Like many other state legislatures last year, Iowa’s was narrowly divided. So all it would take to break the momentum toward a constitutional marriage ban was to tip a few close races. If Democrats took control of the House and Senate, however narrowly, the initiative would die, and with it the likelihood of further legislation limiting civil rights for gays and lesbians. And, fortuitously, Carroll’s own reelection race looked to be one of the closest. He represented the liberal college town of Grinnell and had won the last time around by just a handful of votes.
Over the summer, Carroll’s opponent started receiving checks from across the country—significant sums for a statehouse race, though none so large as to arouse suspicion (the gifts topped out at $1,000). Because they came from individuals and not from organizations, nothing identified the money as being “gay,” or even coordinated. Only a very astute political operative would have spotted the unusual number of out-of-state donors and pondered their interest in an obscure midwestern race. And only someone truly versed in the world of gay causes would have noticed a $1,000 contribution from Denver, Colorado, and been aware that its source, Tim Gill, is the country’s biggest gay donor, and the nexus of an aggressive new force in national politics.
Carroll certainly didn’t catch on until I called him after the election, in which Democrats took control of both legislative chambers, as well as Carroll’s seat and four of the five others targeted by Gill and his allies. Carroll was just sitting down to dinner but agreed to talk about his loss, which he attributed to the activism of Grinnell College students. A suggestion that he’d been targeted by a nationwide network of wealthy gay activists was met with polite midwestern skepticism. But Carroll was sufficiently intrigued to propose that we each log on to the Iowa Ethics and Campaign Disclosure Board’s Web site and examine his opponent’s disclosure report together, over the telephone.

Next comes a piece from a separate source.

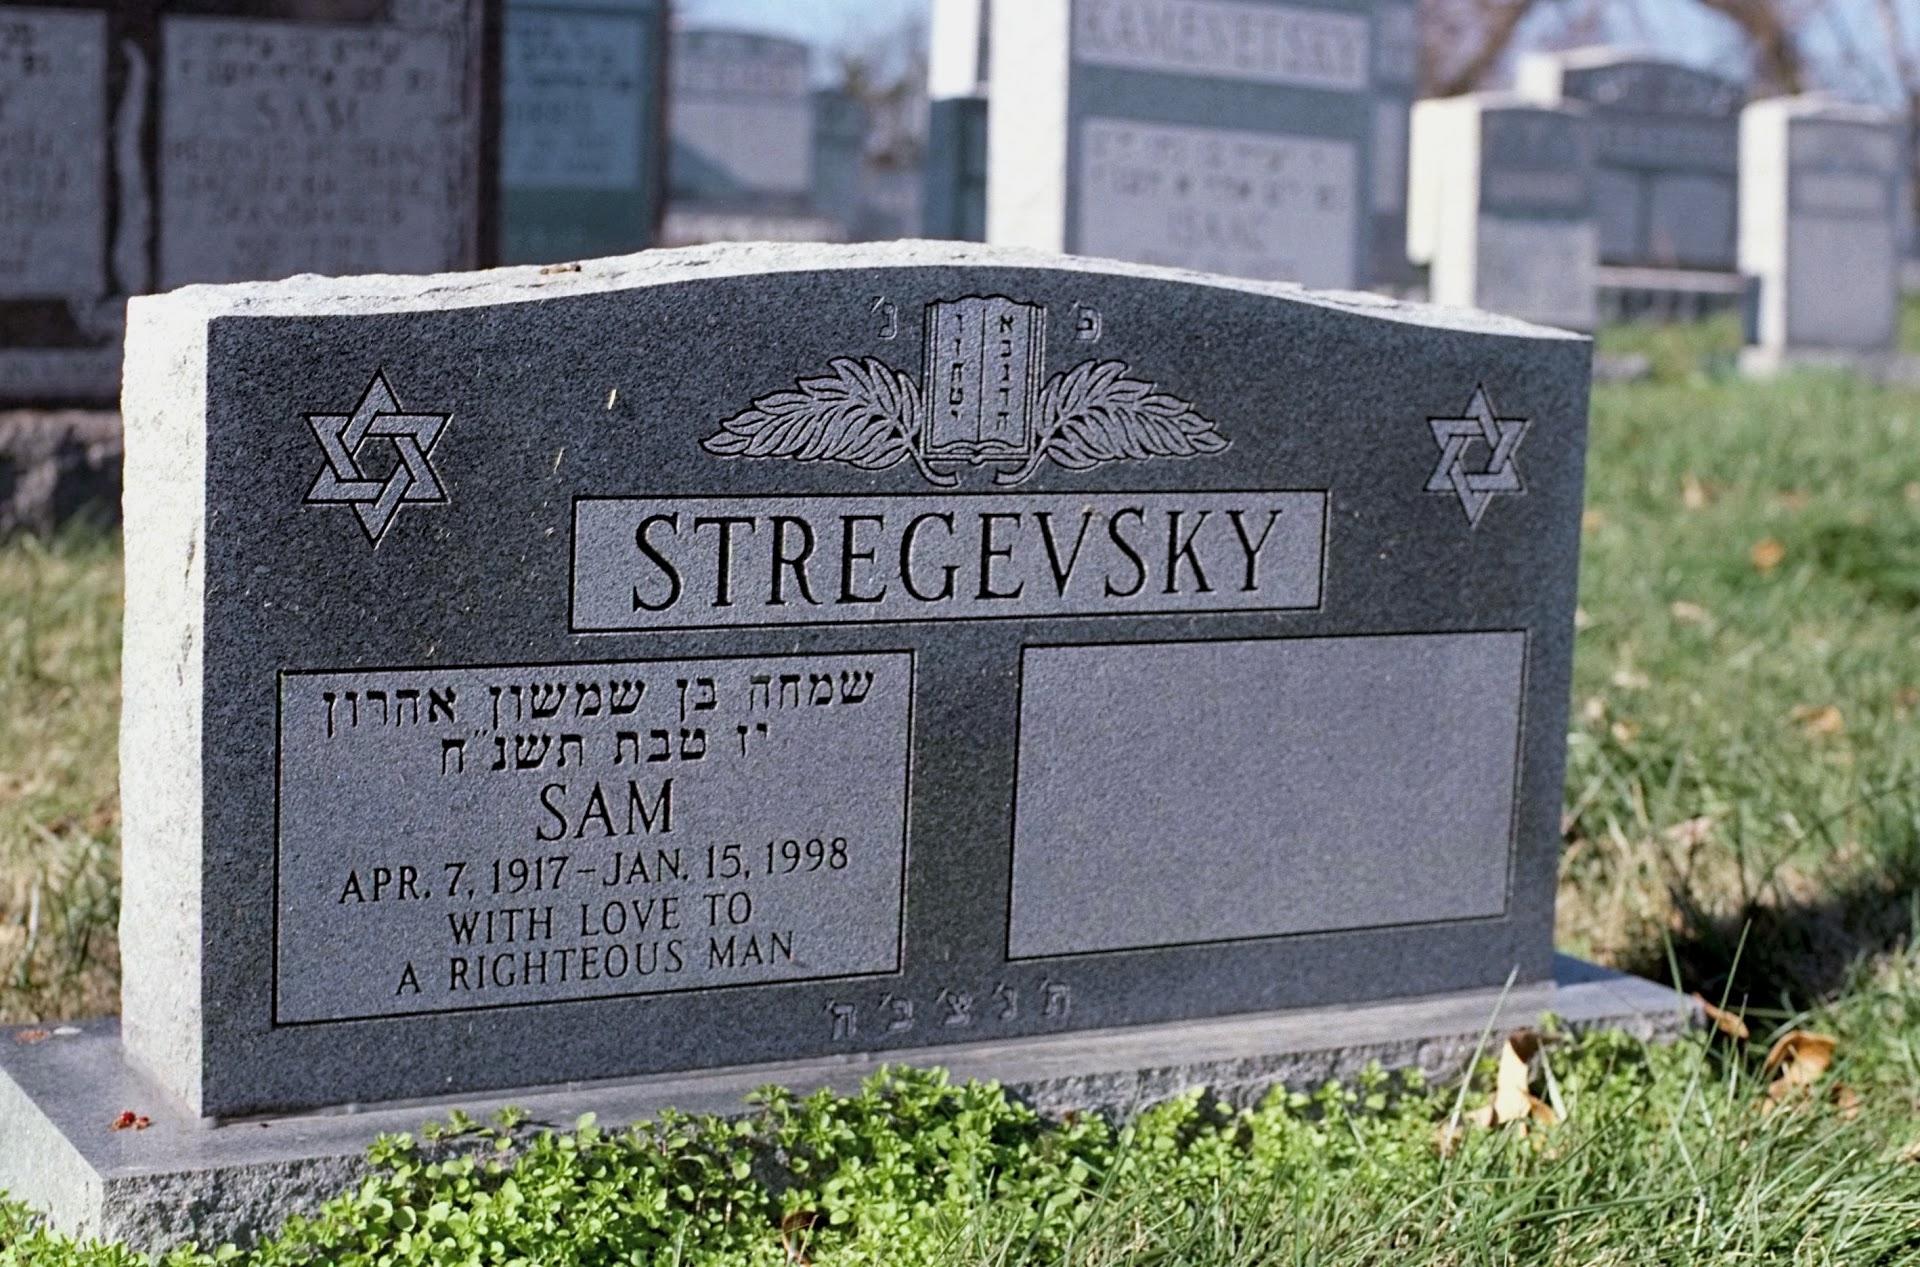 Sam's tombstone in Cincinnati, Ohio
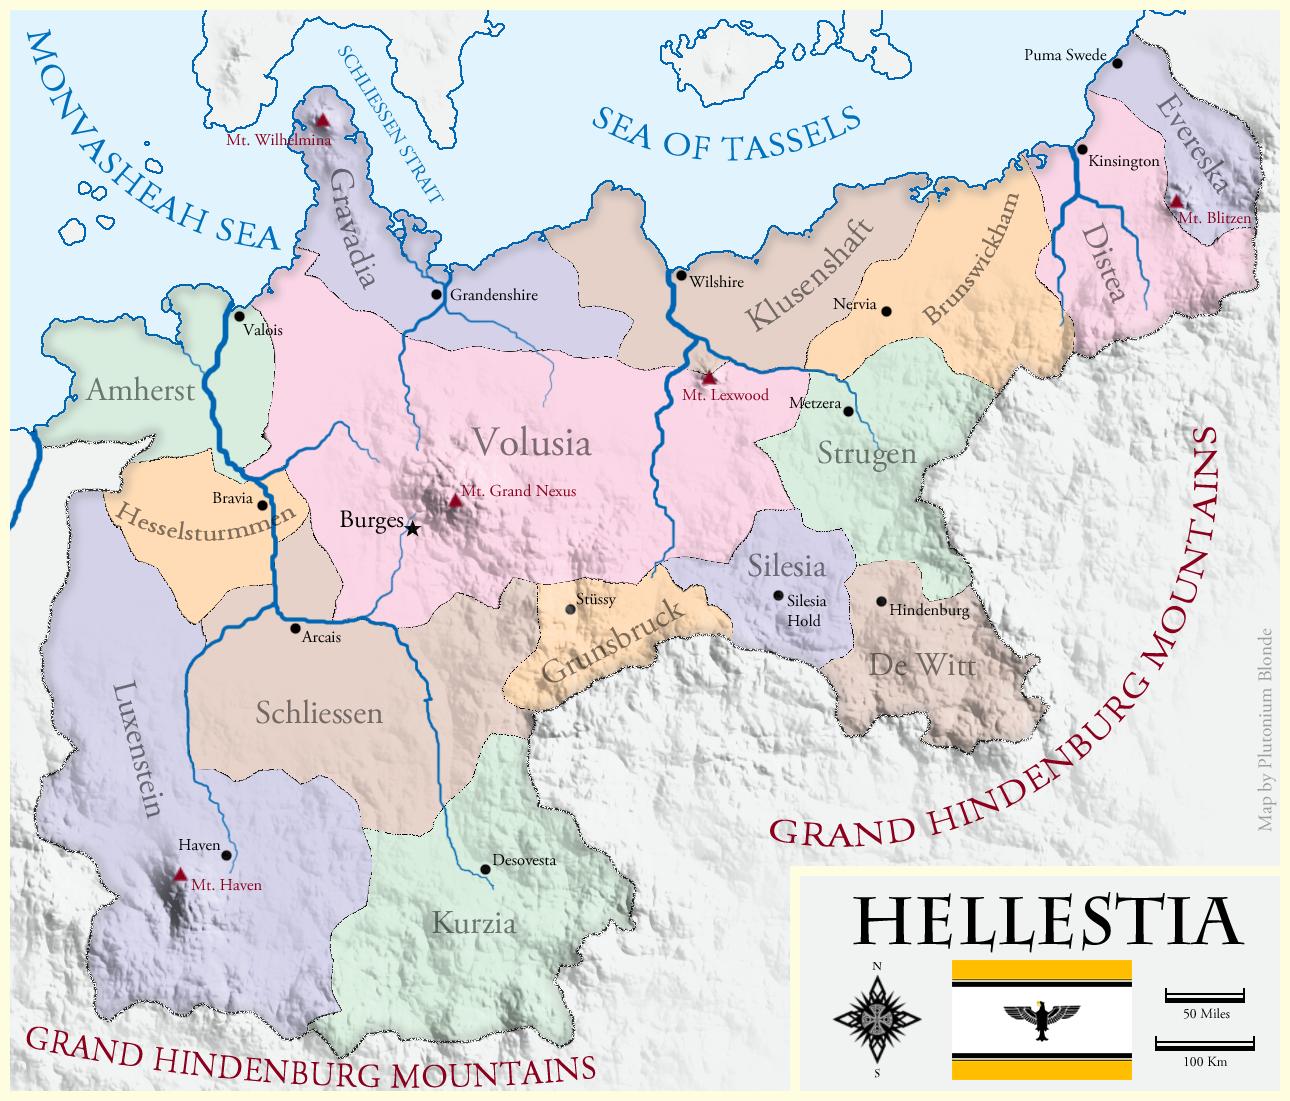 Hellestia

Scrolling through the thirty-two-page roster of campaign contributors revealed plenty of $25 and $50 donations from nearby towns like Oskaloosa and New Sharon. But a $1,000 donation from California stood out on page 2, and, several pages later, so did another $1,000 from New York City. “I’ll be darned,” said Carroll. “That doesn’t make any sense.” As we kept scrolling, Carroll began reading aloud with mounting disbelief as the evidence passed before his eyes. “Denver … Dallas … Los Angeles … Malibu … there’s New York again … San Francisco! I can’t—I just cannot believe this,” he said, finally. “Who is this guy again?”